Sadly, the excessive storage and processing charges for conventional safety data and occasion administration (SIEM) instruments usually trigger safety groups to restrict the alerts and logs that they feed into the instrument so as to management prices. This limitation on the alerts additionally limits the visibility for the safety crew and constrains the power of contemporary synthetic intelligence (AI) and machine studying (ML) instruments to study and acknowledge probably malicious conduct.

To handle that limitation, a brand new instrument is rising: Safety knowledge lakes (SDLs), which could present an answer that permits unfiltered visibility for safety groups. Nonetheless, what are the tradeoffs to that strategy?

See the Greatest SIEM Instruments & Software program

What’s SIEM?

Organizations purchase safety data and occasion administration instruments to consolidate, handle, and supply evaluation on safety alerts. These alerts are generated by the sources of an enterprise akin to computer systems, servers, community site visitors, and cloud functions.

SIEM instruments ingest the safety alerts, course of the completely different codecs into a standard framework, and analyze the info.

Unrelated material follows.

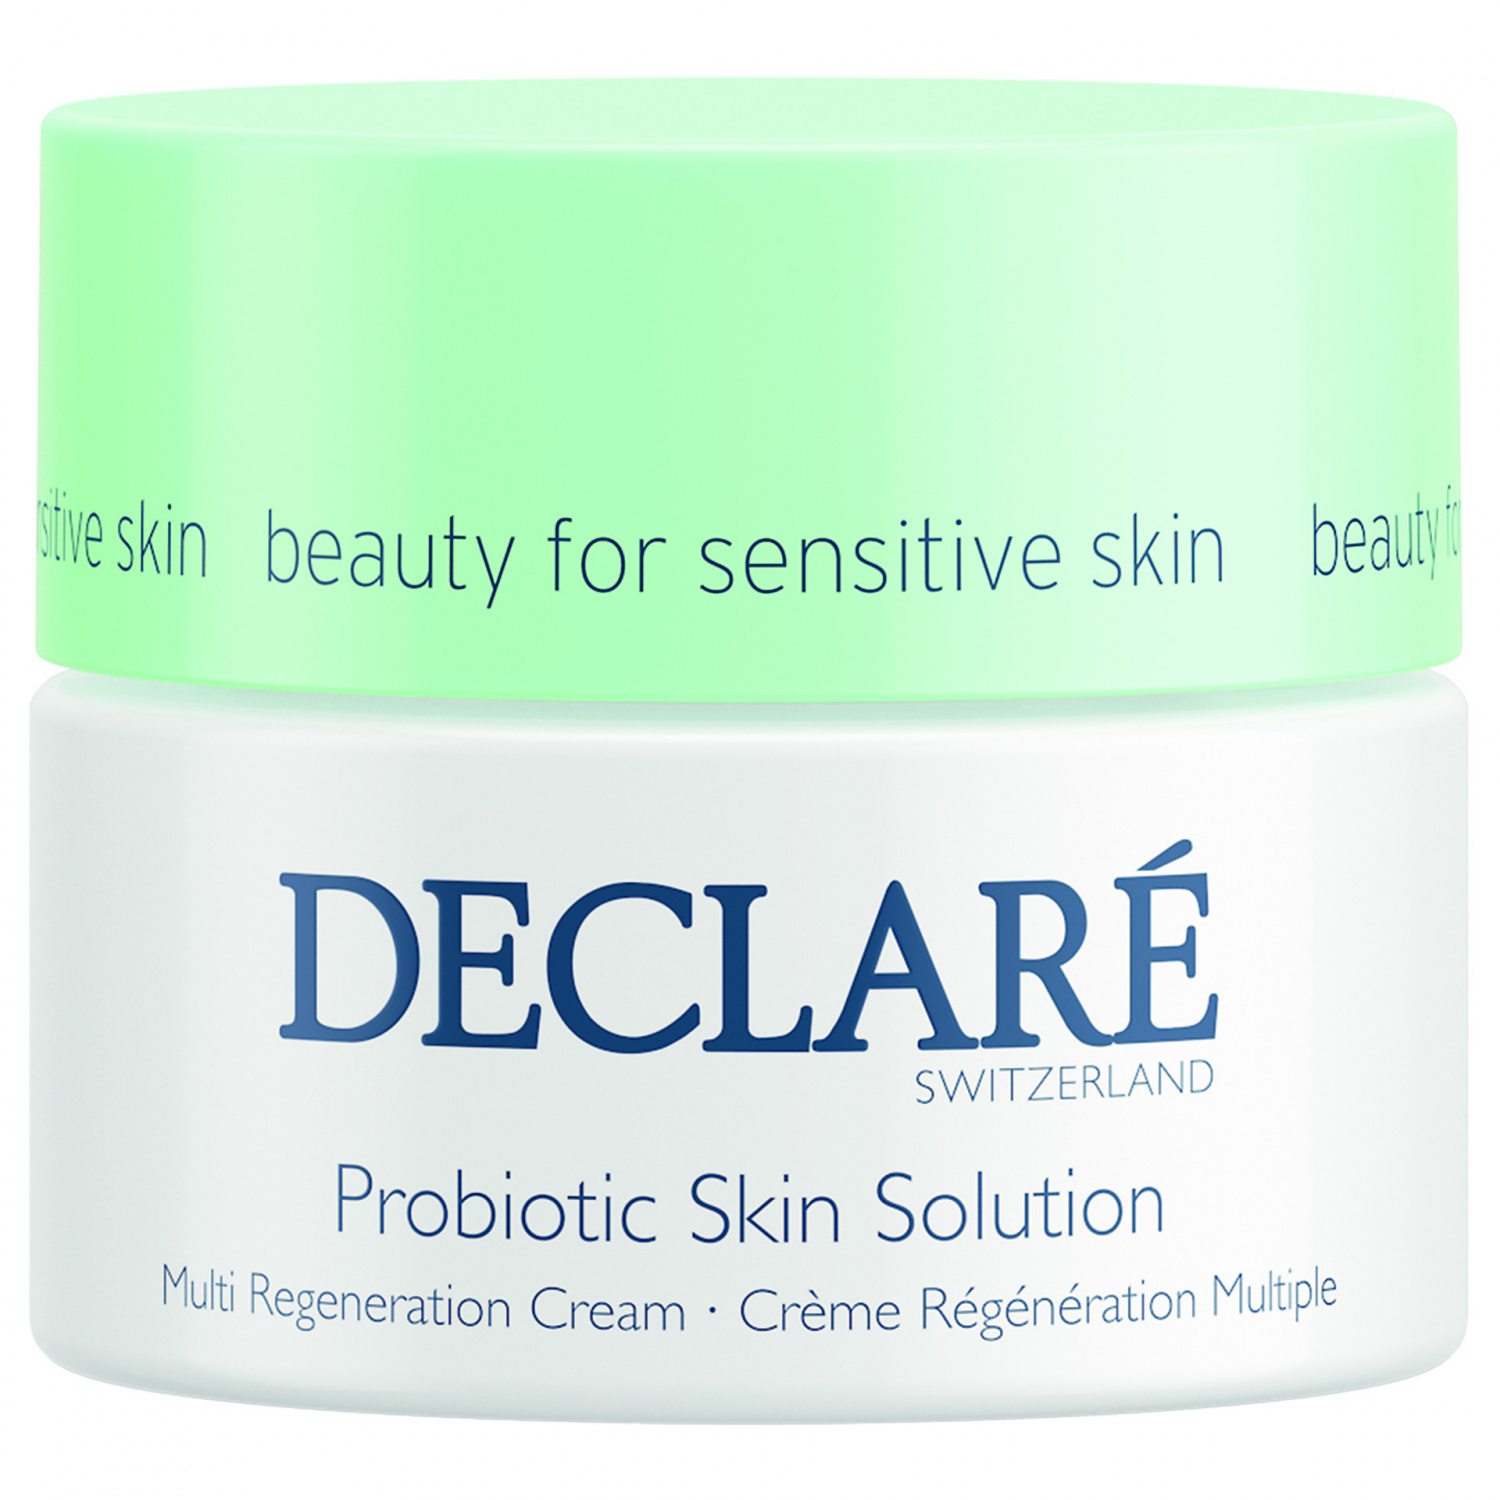 Declare Probiotic Multi Regeneration Cream 50ml - интернет-магазин профессиональной косметики Spadream, изображение 30803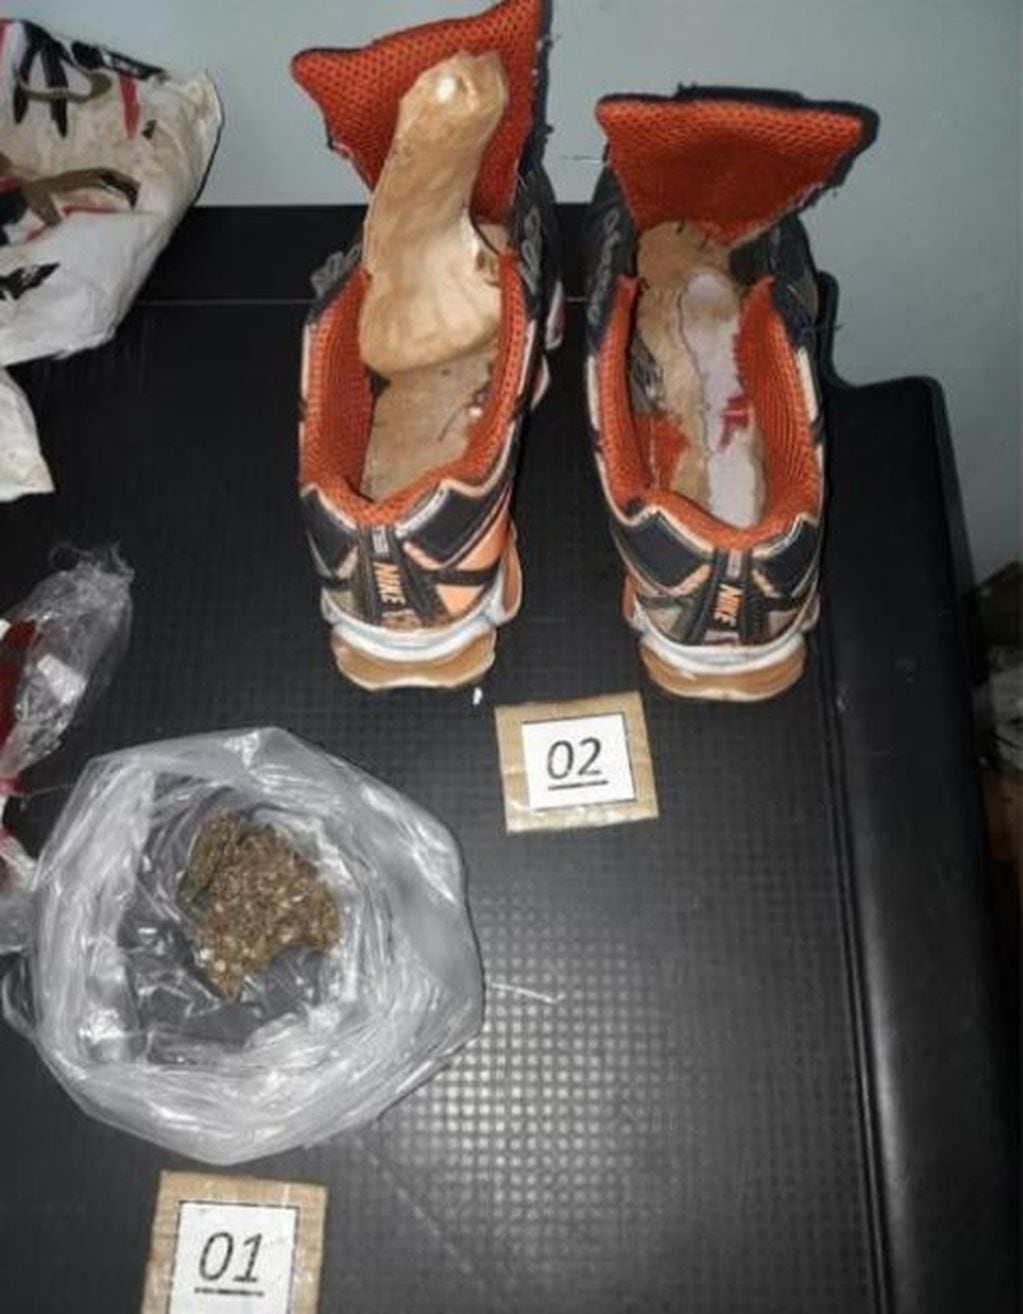 Quiso pasar marihuana oculta en zapatillas para su cuñado preso. (Foto: Policía de Misiones)

The evaluation makes an attempt to find out a baseline for regular conduct, so malicious and anomalous conduct may be flagged and escalated for assessment. Superior SIEMs additionally use AI or ML to carry out triage and prioritize or rank the logs and alerts for human assessment.

What’s a Safety Knowledge Lake?

The standard knowledge lake serves a repository for a corporation and holds unstructured knowledge concerning firm merchandise, monetary knowledge, buyer knowledge, provider knowledge, and advertising and marketing data. Knowledge lakes can simply be expanded to embody the safety knowledge on firm sources and performance as a safety knowledge lake.

Actual worth may be extracted from SDLs that not solely soak up safety logs and alerts but additionally embody associated safety data akin to open-source intelligence data (OSINT), exterior menace intelligence feeds, malware databases, IP popularity databases, operation logs, and even darkish net exercise.

Additionally learn: Safety Concerns for Knowledge Lakes

Safety Knowledge Lakes vs. SIEM: Professionals & Cons

In observe, SIEM and SDLs can overlap in capabilities relying on the instrument and the group. For the aim of this comparability, we’ll deal with broad SIEM and SDL traits for the standard product within the respective class.


SDLs supply potential benefits over SIEM in storage pricing and time scope.

Many SIEM distributors cost by the quantity of knowledge processed and saved of their methods, and this cost may be fairly excessive, particularly when put next with the commodity storage costs of the cloud.

Knowledge lakes retailer knowledge at enormously diminished costs, with costs under $25 monthly for the equal of 3TB of log knowledge. SDLs that share storage with a corporation’s normal knowledge lake technique could profit from extra bulk storage reductions with the info lake supplier.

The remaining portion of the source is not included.